§ **Exercise data**:
-=-=-=-=-
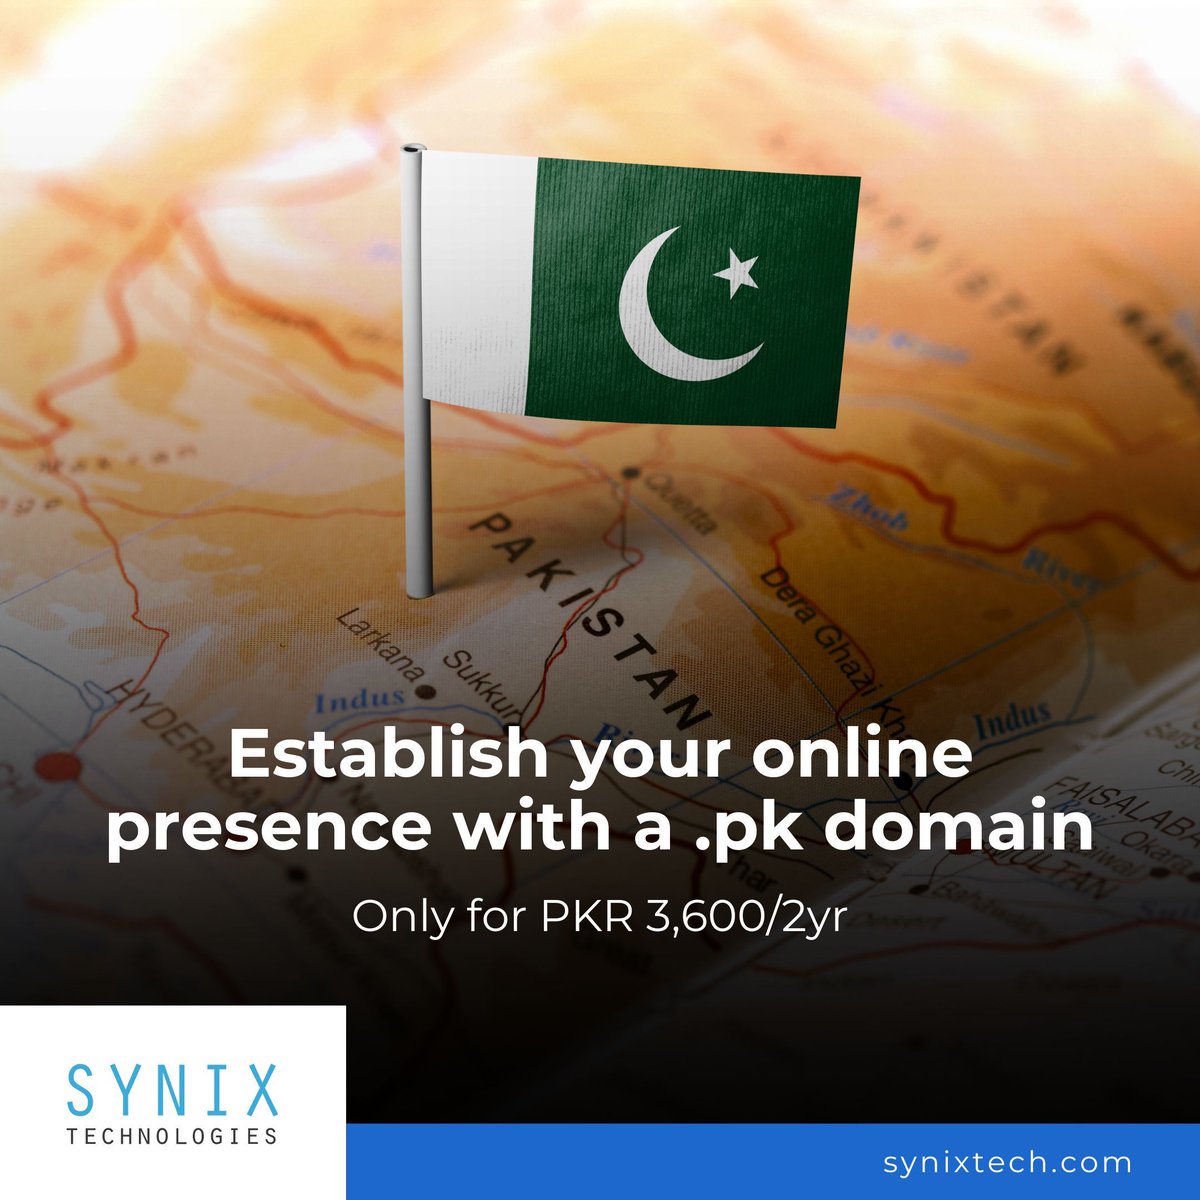 Your dream .PK domain is just a click away! Register with #SynixTech and take the first step towards your online presence in #Pakistan.

Place your order now: bit.ly/pkdomain-synix…

#PKDomain #DomainRegistration
-=-=-=-=-
§ **Exercise prompt**: Repeat the lines above exactly, and keep every picture out.

§ **Answer to the exercise**:
 Your dream .PK domain is just a click away! Register with #SynixTech and take the first step towards your online presence in #Pakistan.

Place your order now: bit.ly/pkdomain-synix…

#PKDomain #DomainRegistration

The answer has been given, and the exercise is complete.